Task objective: Beginning with the line that contains "Child hanging outside", extract each line through the end of the listing below, with no additions or omissions.

Input material:
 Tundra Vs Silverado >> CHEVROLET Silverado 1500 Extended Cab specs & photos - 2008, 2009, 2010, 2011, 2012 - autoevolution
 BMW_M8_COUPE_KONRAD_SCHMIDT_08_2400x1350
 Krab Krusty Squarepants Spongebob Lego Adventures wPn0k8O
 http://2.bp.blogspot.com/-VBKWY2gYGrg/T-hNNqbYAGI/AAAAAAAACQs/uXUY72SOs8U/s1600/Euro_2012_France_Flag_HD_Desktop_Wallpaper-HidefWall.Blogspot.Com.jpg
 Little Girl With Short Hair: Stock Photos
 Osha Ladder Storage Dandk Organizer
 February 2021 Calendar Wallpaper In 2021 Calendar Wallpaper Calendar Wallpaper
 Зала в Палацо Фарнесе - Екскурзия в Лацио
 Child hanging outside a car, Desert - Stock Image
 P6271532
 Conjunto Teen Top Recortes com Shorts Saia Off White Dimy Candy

Result of the exercise:
 Child hanging outside a car, Desert - Stock Image
 P6271532
 Conjunto Teen Top Recortes com Shorts Saia Off White Dimy Candy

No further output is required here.